Meine Segelflug-Geschichte: Cockpit preparation

11.08.2020
“An einem freien Sommernachmittag ging ich zum Flughafen für den üblichen “Kontrollflug” zu Beginn der Flugsaison. Ich bereitete das Segelflugzeug vor und ging im Briefing mit dem Fluglehrer die im Flug zu absolvierenden Übungen durch. Danach legte ich meinen Fallschirm an, liess mich im Cockpit nieder, legte meinen Sicherheitsgurt an, schloss und sicherte ich die Haube. Leider mussten wir wegen des vielen Flugverkehrs bis zur “Freigabe” eine Weile warten . Weil die Sonneneinstrahlung schon recht stark war, öffnete ich daher das Seitenfenster, um ein bisschen frische Luft zu schnappen.

 

Nach rund 5 Minuten gab der Tower dem Schleppflugzeug endlich die Startfreigabe für einen Schleppflug bis auf 800 Meter Höhe.
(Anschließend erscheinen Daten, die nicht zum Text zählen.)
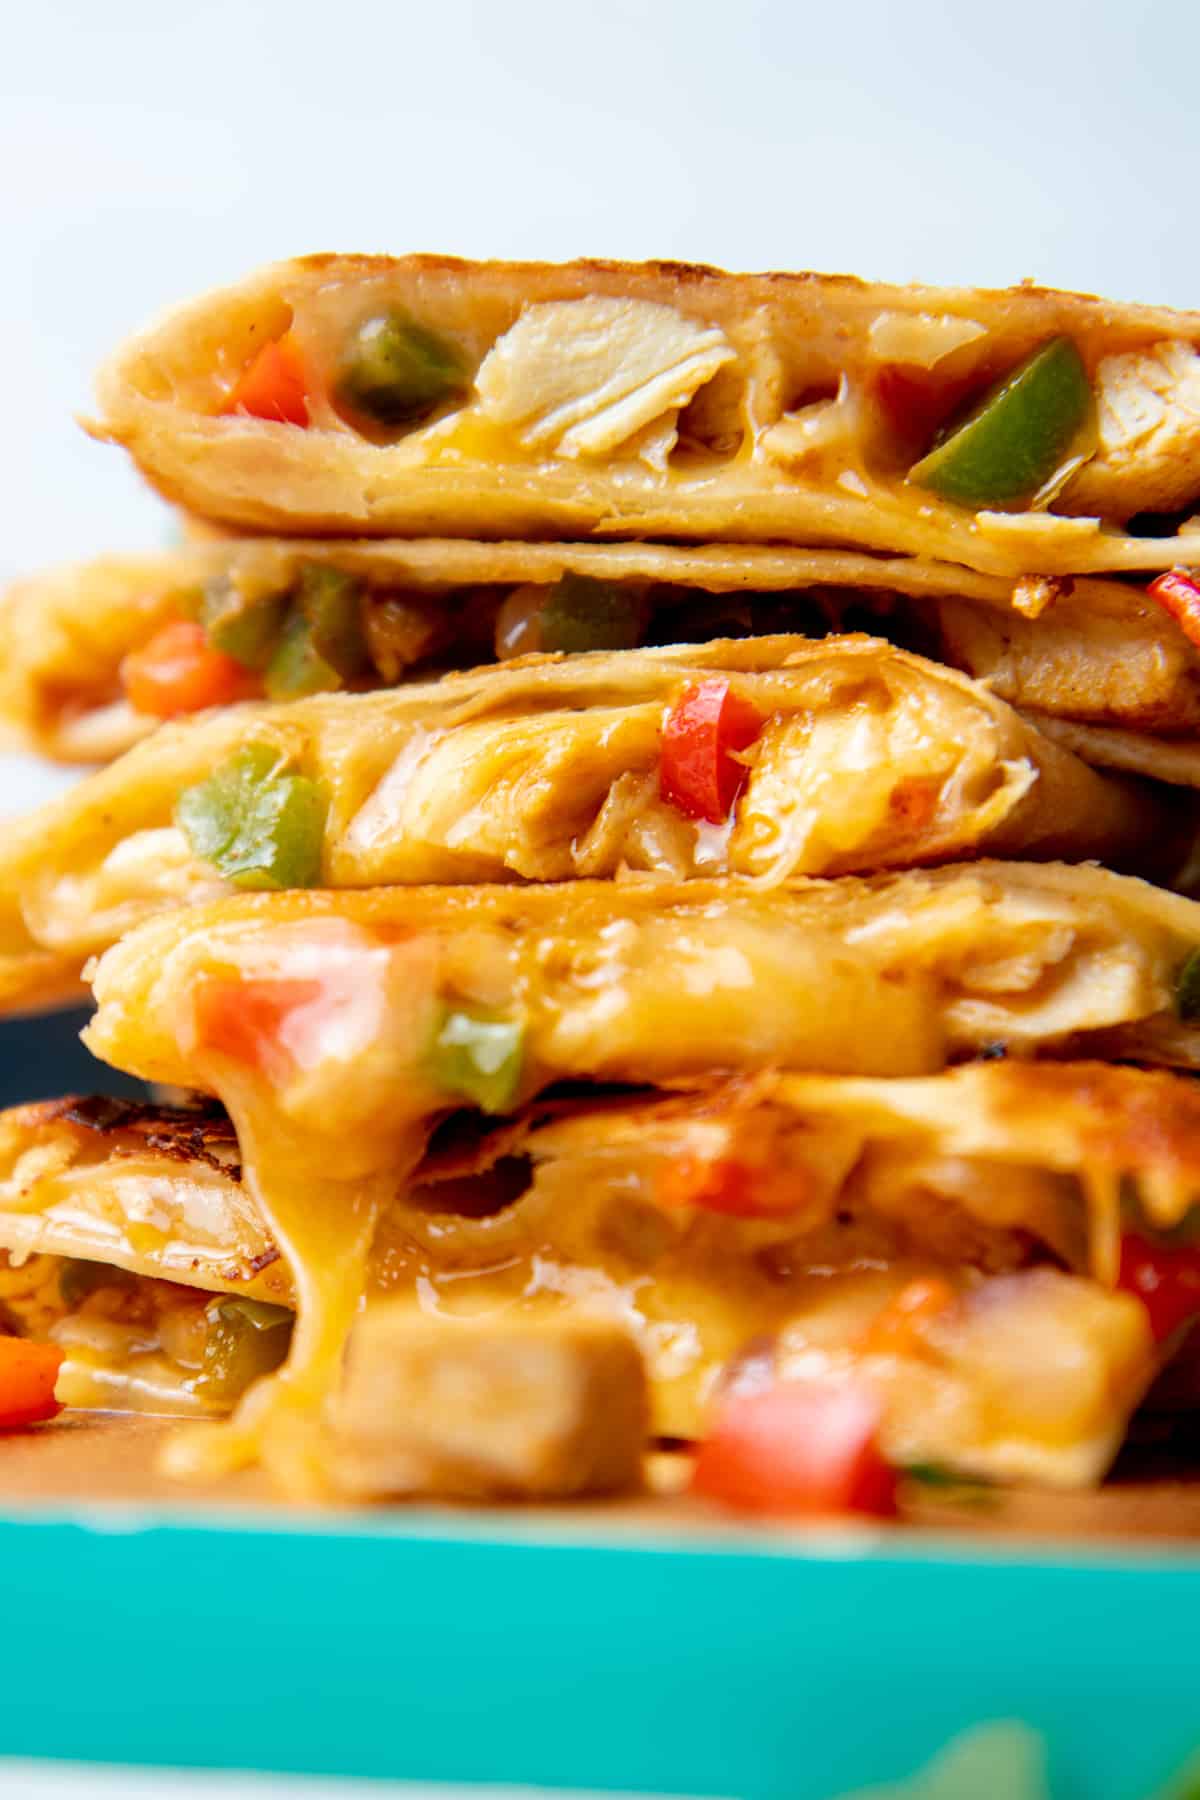 Stack of quesadilla slices filled with chicken, peppers, and cheese. The stack sits on a teal-edged cutting board.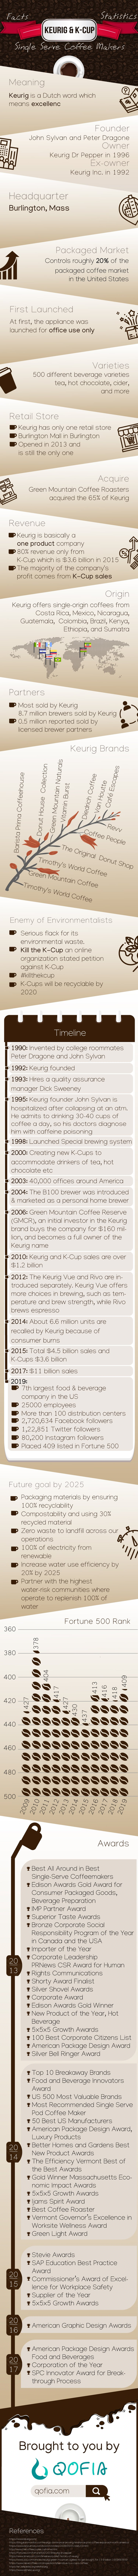 Facts & Statistics of Keurig #infographic

Langsam gewinnt unser Doppelsitzer an Fahrt und wir heben schliesslich ab. Doch in der “Hektik des Gefechts” habe ich vergessen das Seitenfenster zu verschliessen. Dieses verursacht so starke Windgeräusche, sodass ich die Anweisungen des Fluglehrers nicht hören kann.

 

Instinktiv schliesse ich das Fenster, schaue vom Schleppflugzeug weg und verliere dabei die Kontrolle über die Fluglage des Segelflugzeugs. Innert Sekunden bewegt sich die Nase unseres Segelflugzeuges nach oben, wodurch das Heck des Schleppflugzeugs gefährlich angehoben wird. Zum Glück konnte ich jedoch die Fluglage sofort korrigiereren und stabilisieren und so unseren Segler in die richtige Position hinter dem Schleppflug zurückbringen.

 

Puh! Dieser Moment kam überrachend und mir ziemlich in die Knochen gefahren. Im Nachhinein muss ich sagen, dass eben eine solide Vorbereitung der Kabine vor dem Flug (Cockpit preparation) absolut zentral ist. Nur so kann man sich beim Start auf die Cockpitinstrumente und die Lage des Flugzeuges konzentrieren und wird in dieser kritischen Phase nicht durch Unvorhergesehenes abgelenkt.

 

Ich hoffe, dass meine Geschichte anderen Piloten hilft und sie darauf aufmerksam macht, nicht unnötig in riskante Situationen zu geraten.”